This is the essence of this error message

In general this error means that you need to wait until the currently running snapshot finishes before starting a new one. Elasticsearch can only perform one snapshot at a time. It's possible that your snapshot is running for too long because of a large amount of data and takes more than a day. It's also possible that you are hitting one of the snapshot bugs that is causing snapshots to hang in some situations. This would typically coincide with general cluster instability (like master nodes living the cluster due to overload or network issues). ES 1.4.2 has several known issue that could manifest themselves this way. Most of them were fixed in v1.6-1.7. So, I would suggest to at least upgrade to 1.7.5 if you cannot upgrade to 2.x branch just yet.

Thanks Igor for your answer! Sadly we cannot upgrade our current version for now (we have some dependencies that will break if we do so)
What I'm finding weird is that even after getting the error saying that another snapshot is already running, this is what I see when I query the status:

{
"snapshot": "curator-20160719135353",
"indices": [
"geo_locations_offers_production",
"geo_shapes",
"offers_v3_production",
"ranking_medians_production"
],
"state": "SUCCESS",
"start_time": "2016-07-19T13:53:54.626Z",
"start_time_in_millis": 1468936434626,
"end_time": "2016-07-19T13:58:25.972Z",
"end_time_in_millis": 1468936705972,
"duration_in_millis": 271346,
"failures": ,
"shards": {
"total": 40,
"failed": 0,
"successful": 40
}
}

So, although curator is failing, the snapshots are actually created

Is it possible that you have another instance of curator running somewhere that tries to create or delete a snapshot at the same time? You can check the timestamps on snapshots (start_time and end_time in the output above) and compare them to the timestamps on the error messages to see who if you can identify who is trying to start multiple snapshots simultaneously.

Hey, hello!
It's the only instance running, it's the only ES cluster in the network and I checked that there are no running snapshots by querying /_snapshot/backups/_current

I will try to upgrade to 1.7 and see if the issue is still there

Thanks!

I don't want to discourage you from upgrading (1.7 is a huge improvement with several serious issues fixed) but I don't think it will help this particular issue then.

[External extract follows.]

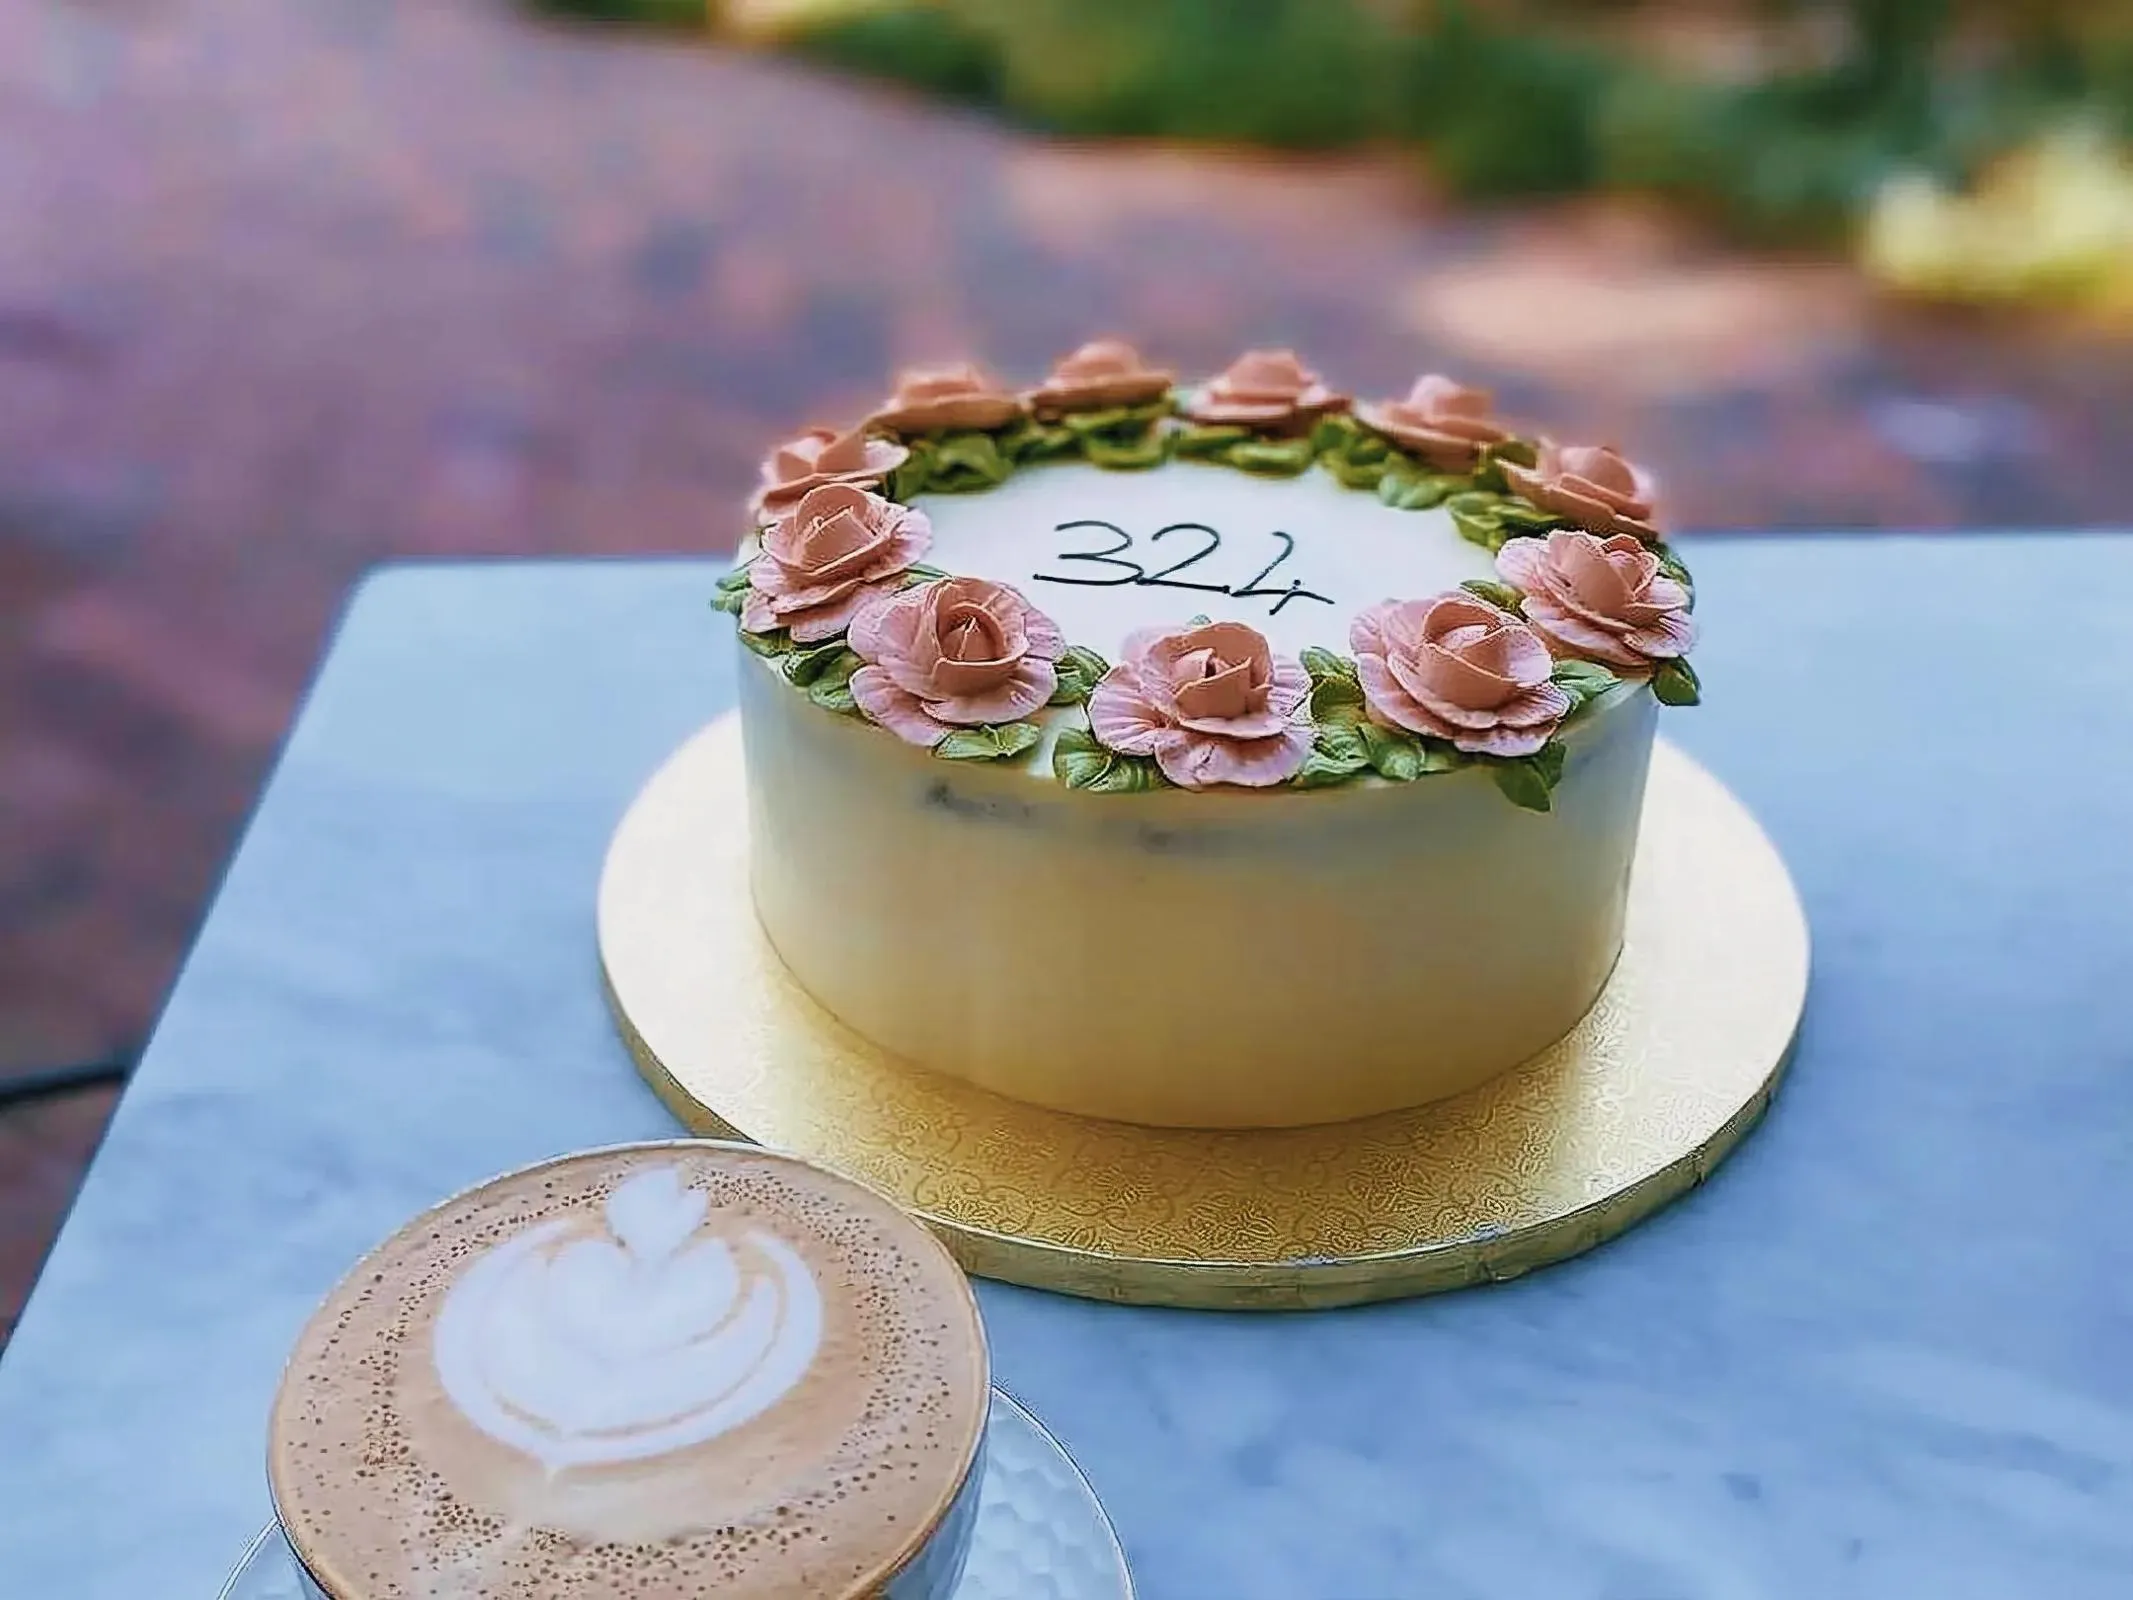 Beautifully decorated cake and latte with art on top
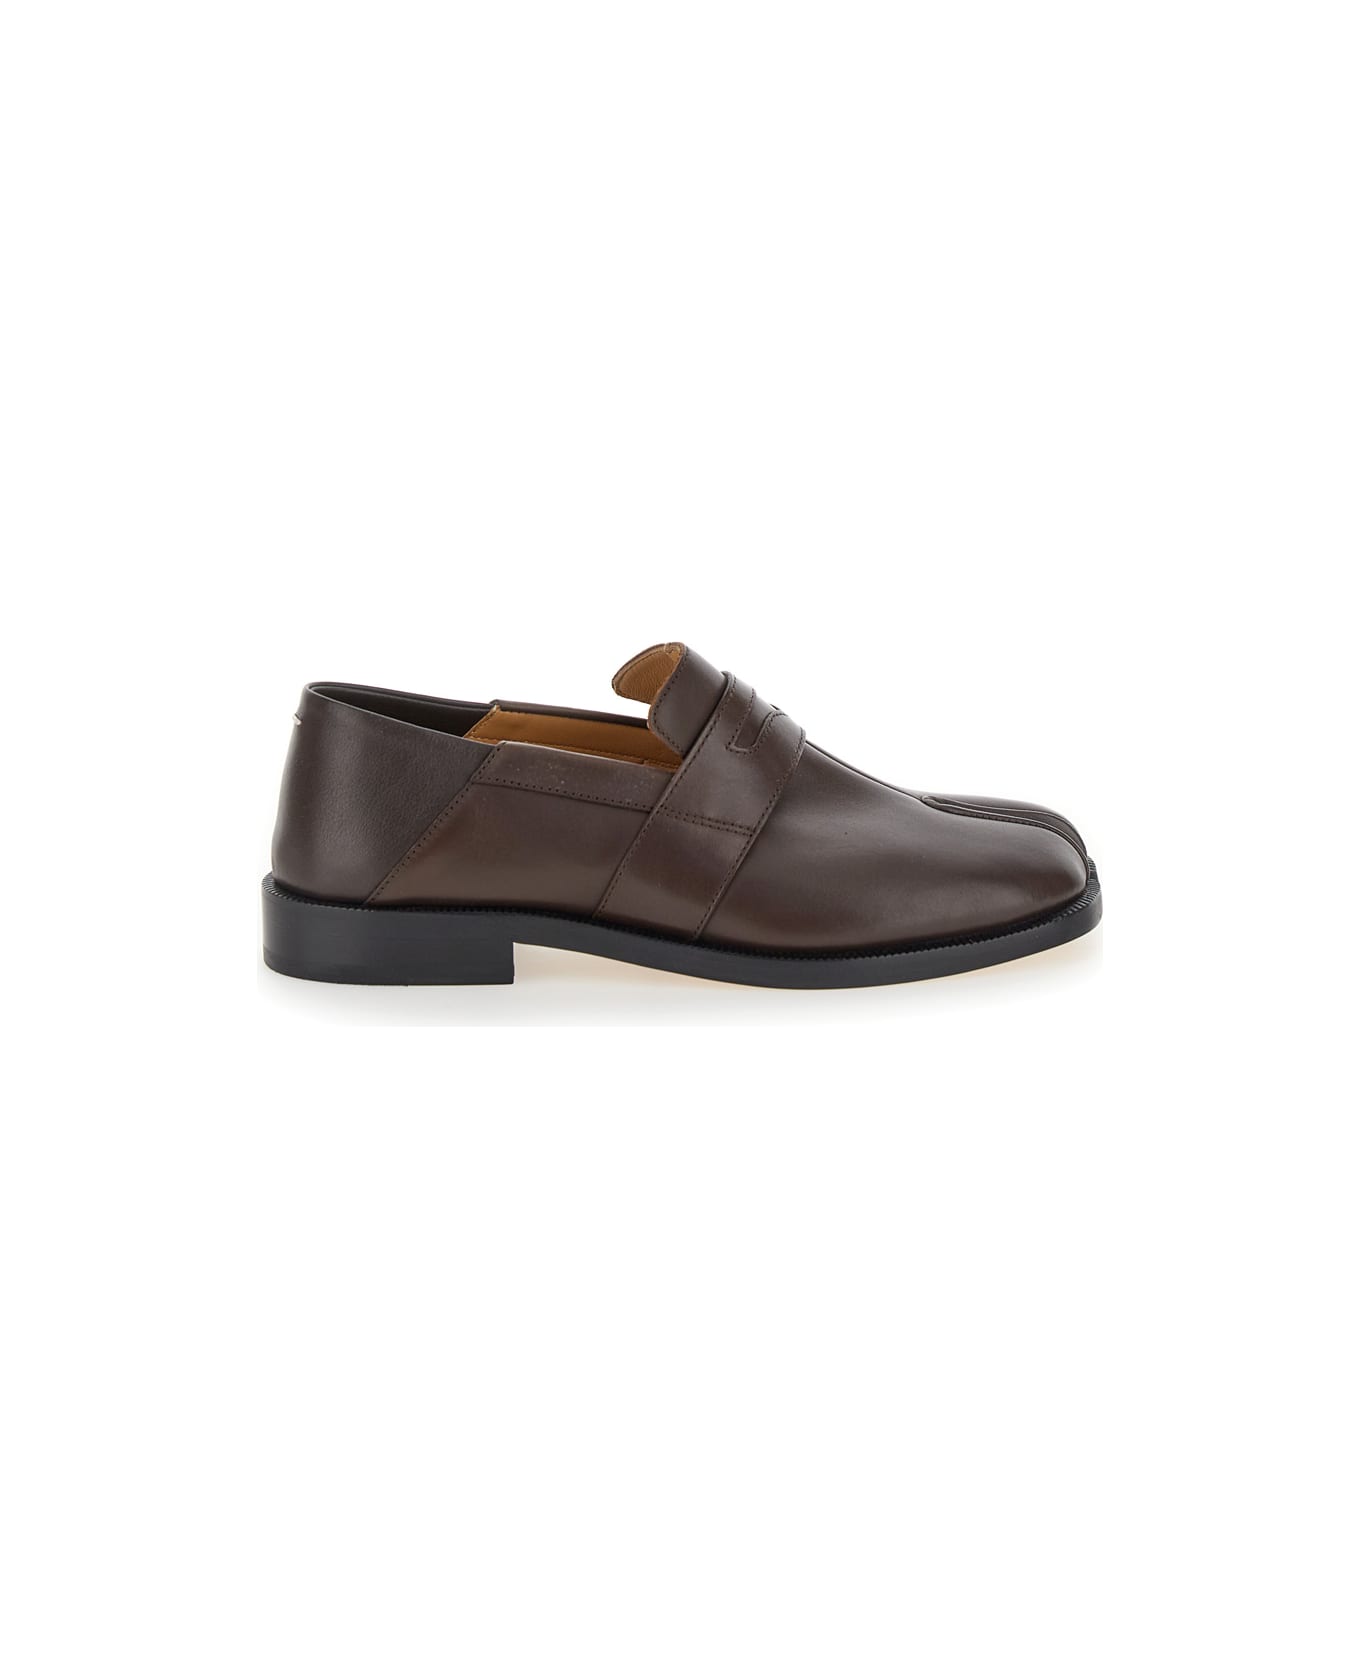 Maison Margiela 'tabi' Loafer In Leather Woman - Brown

On the positive side, I just spoke to the creator of curator and he pointed out that your issue looks very similar to this one. If you have a proxy or a load balancer installed between the machine that runs curator and elasticsearch, it's possible that this proxy cuts the long running snapshot call, which causes curator to retry this call a couple of times. The retries fail with "a snapshot is already running" exception because the original snapshot is still running. It doesn't affect the original snapshot though, which finishes normally. That would explain the log messages that you are getting.

Hey Igor, I'm so sorry for not answering before... Actually that was the issue, our ES cluster is running under an ELB and the snapshot was taking way longer than the default connection timeout; after increasing it (to a way higher number) it's working perfectly fine

Thanks for all your help! I really appreciate it